**Goal of the exercise**
Set down a faithful copy of every record below, with no images.

**Stored items**
————

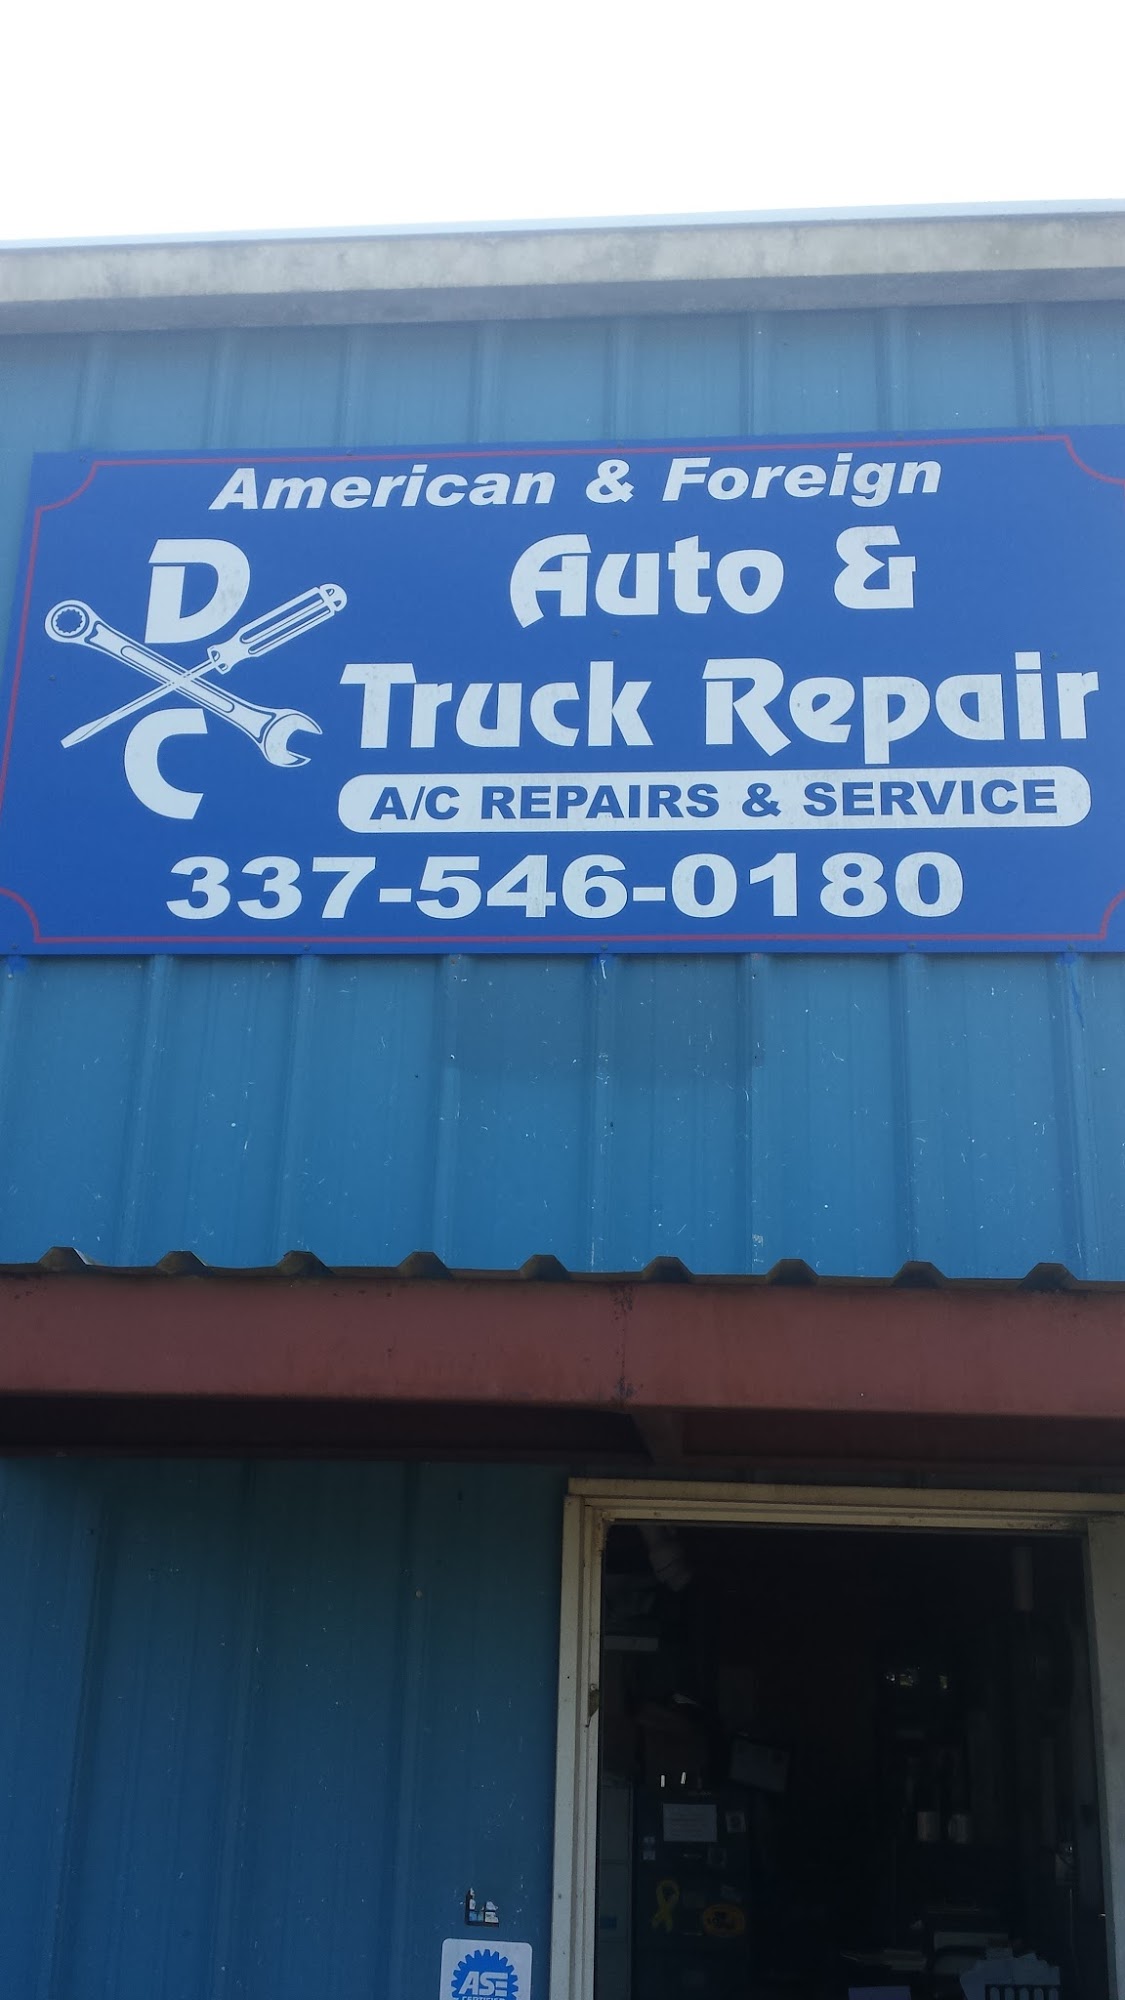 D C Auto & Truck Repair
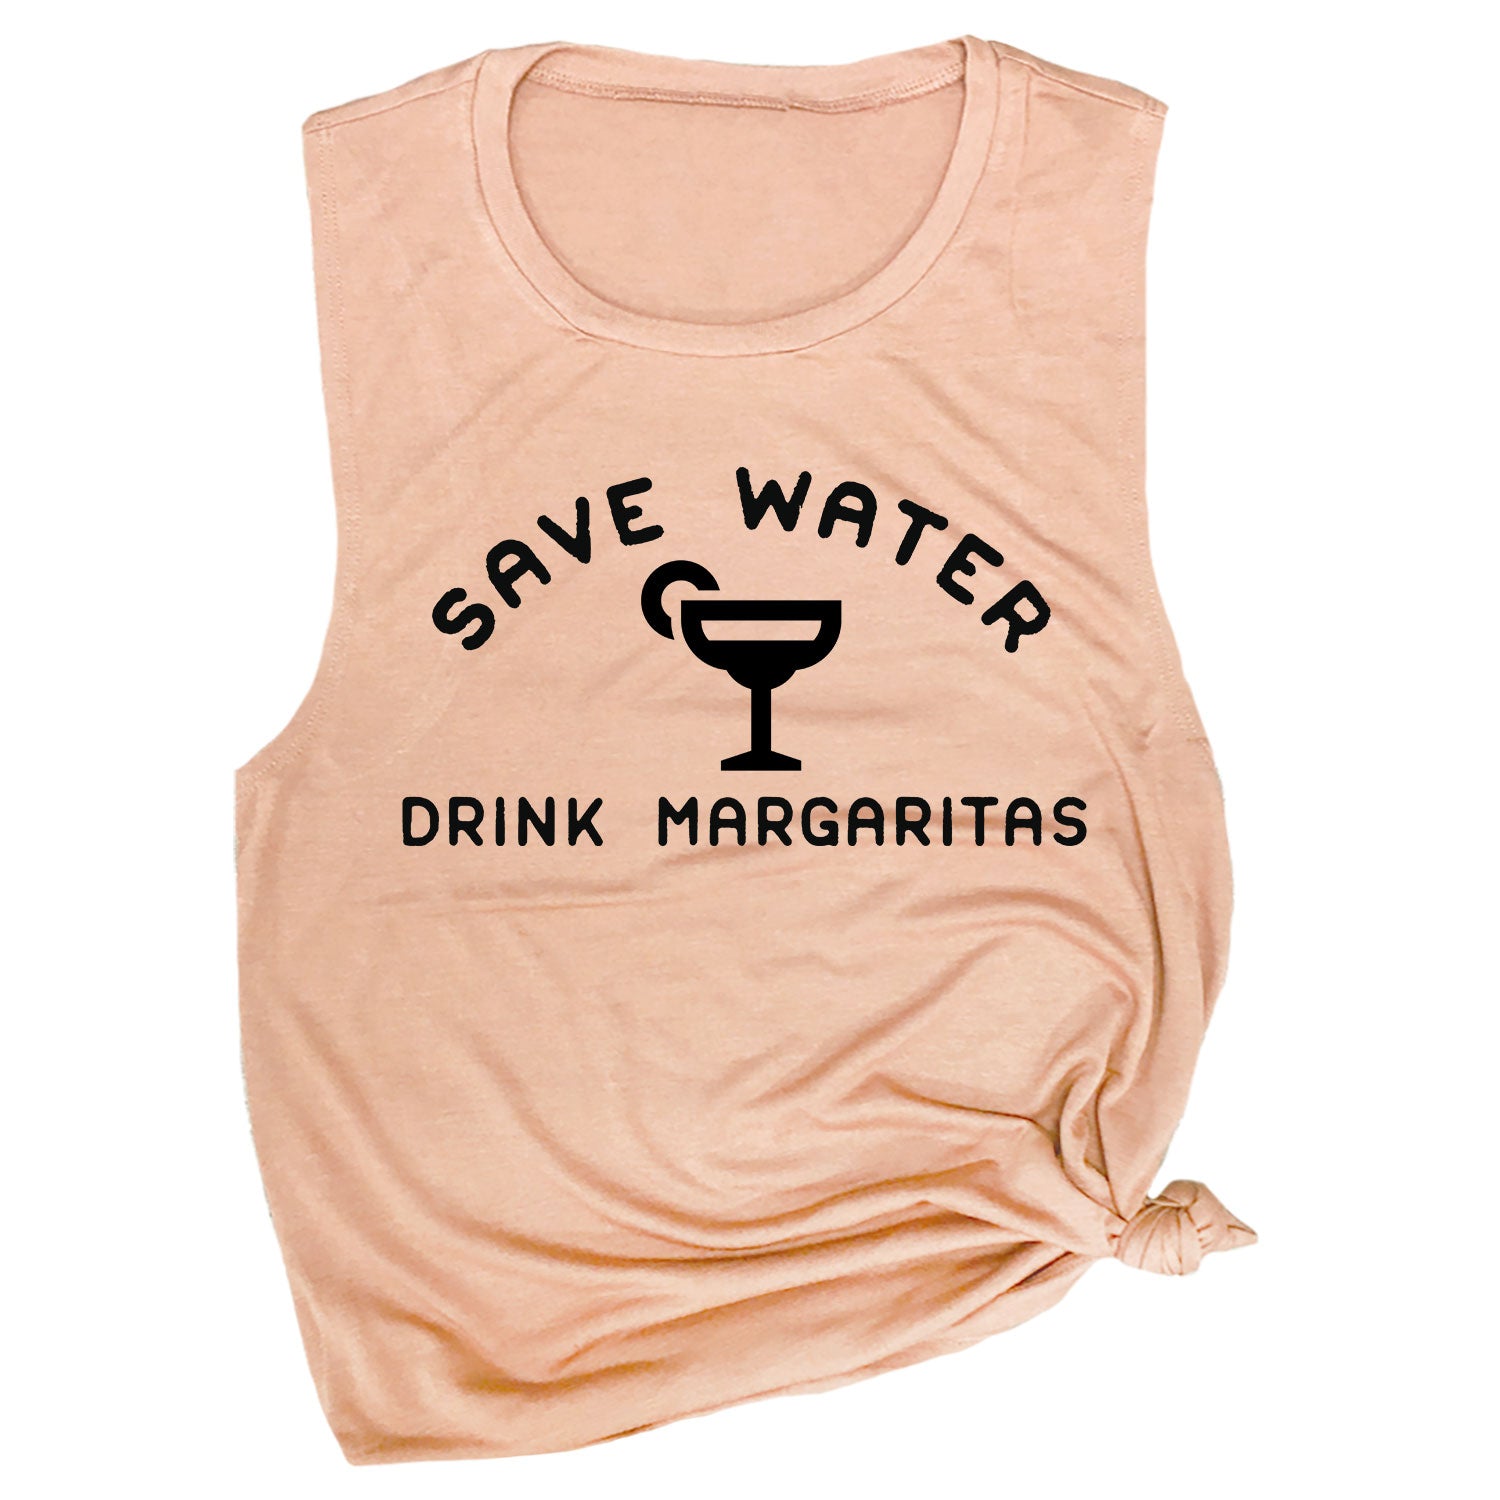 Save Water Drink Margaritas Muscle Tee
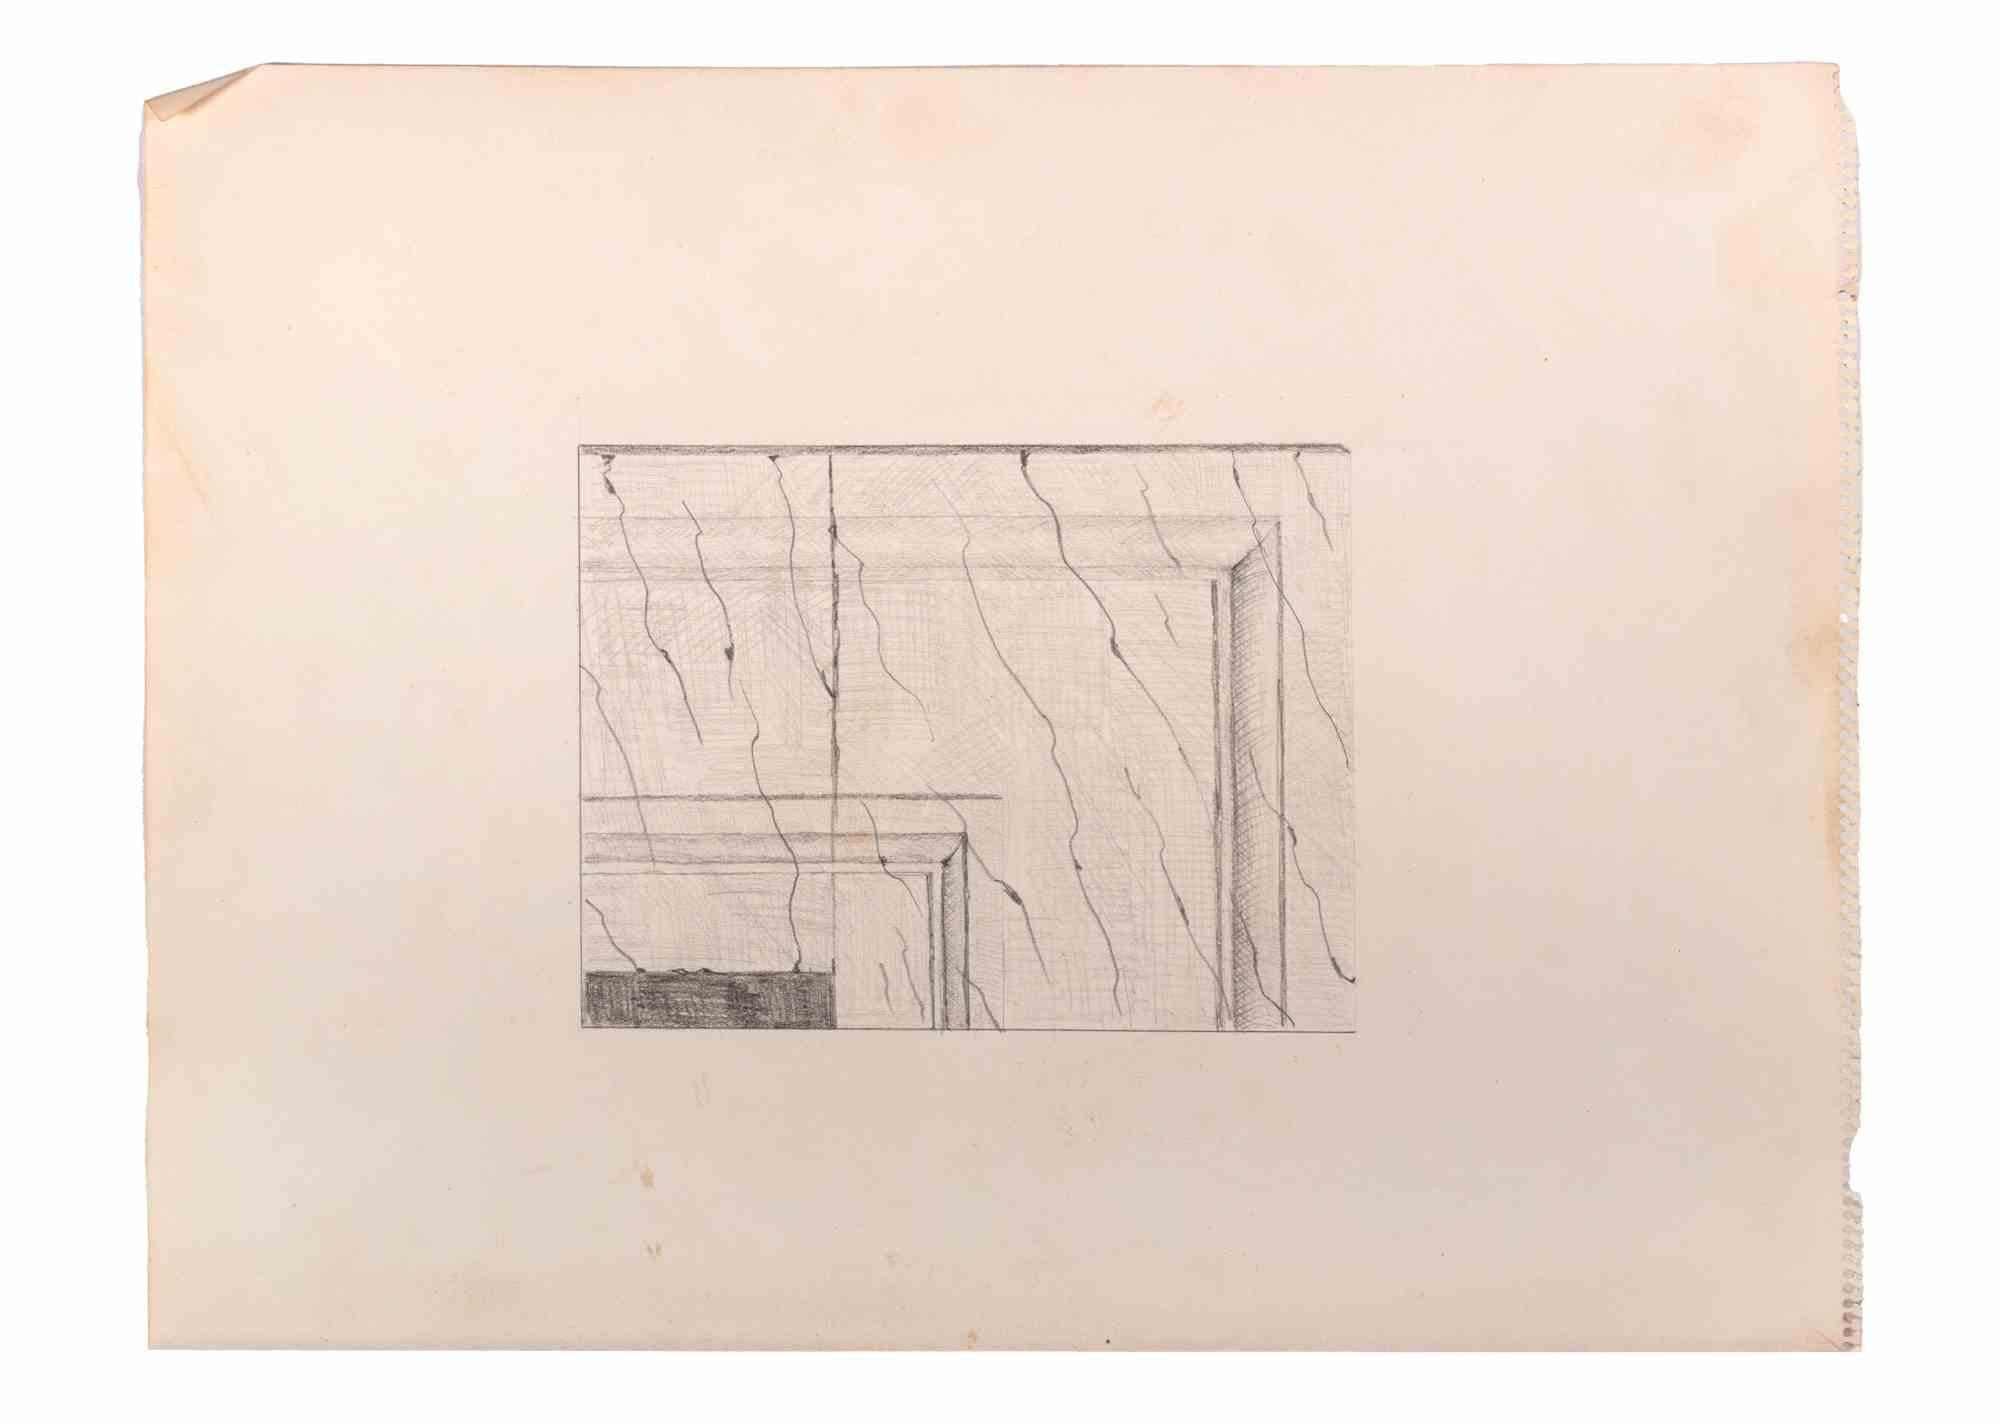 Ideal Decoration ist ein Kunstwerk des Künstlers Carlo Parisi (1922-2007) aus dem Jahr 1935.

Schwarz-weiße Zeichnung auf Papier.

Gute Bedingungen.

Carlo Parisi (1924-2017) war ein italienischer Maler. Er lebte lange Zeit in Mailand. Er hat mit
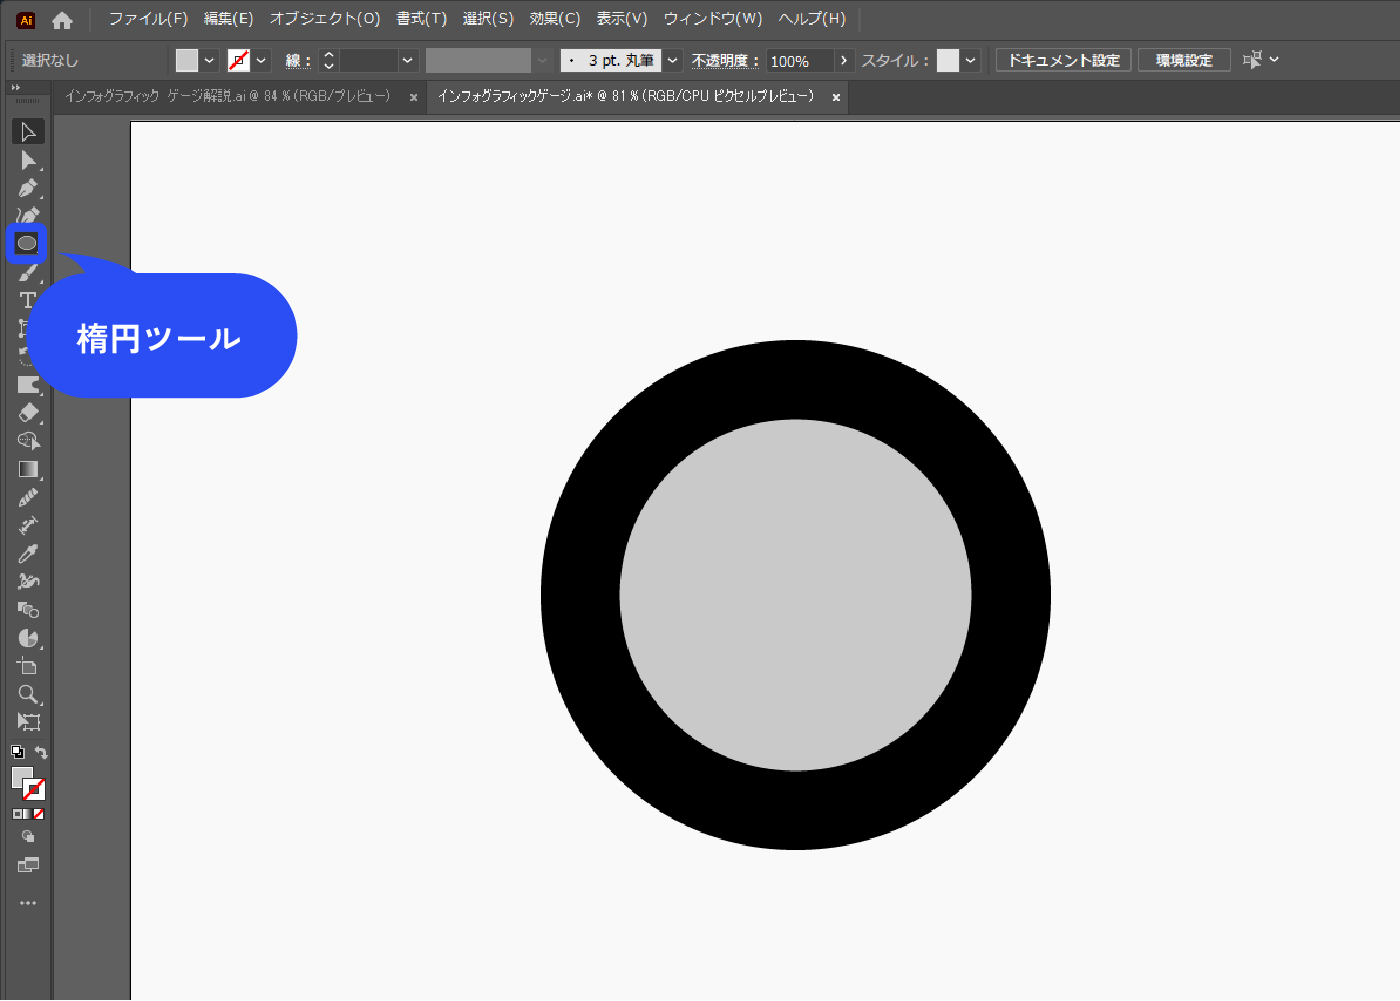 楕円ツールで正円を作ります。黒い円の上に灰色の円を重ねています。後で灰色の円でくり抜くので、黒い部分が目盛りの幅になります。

————

**Answer for the task**
 D C Auto & Truck Repair
 Save Water Drink Margaritas Muscle Tee
 Ideal Decoration ist ein Kunstwerk des Künstlers Carlo Parisi (1922-2007) aus dem Jahr 1935.

Schwarz-weiße Zeichnung auf Papier.

Gute Bedingungen.

Carlo Parisi (1924-2017) war ein italienischer Maler. Er lebte lange Zeit in Mailand. Er hat mit
 楕円ツールで正円を作ります。黒い円の上に灰色の円を重ねています。後で灰色の円でくり抜くので、黒い部分が目盛りの幅になります。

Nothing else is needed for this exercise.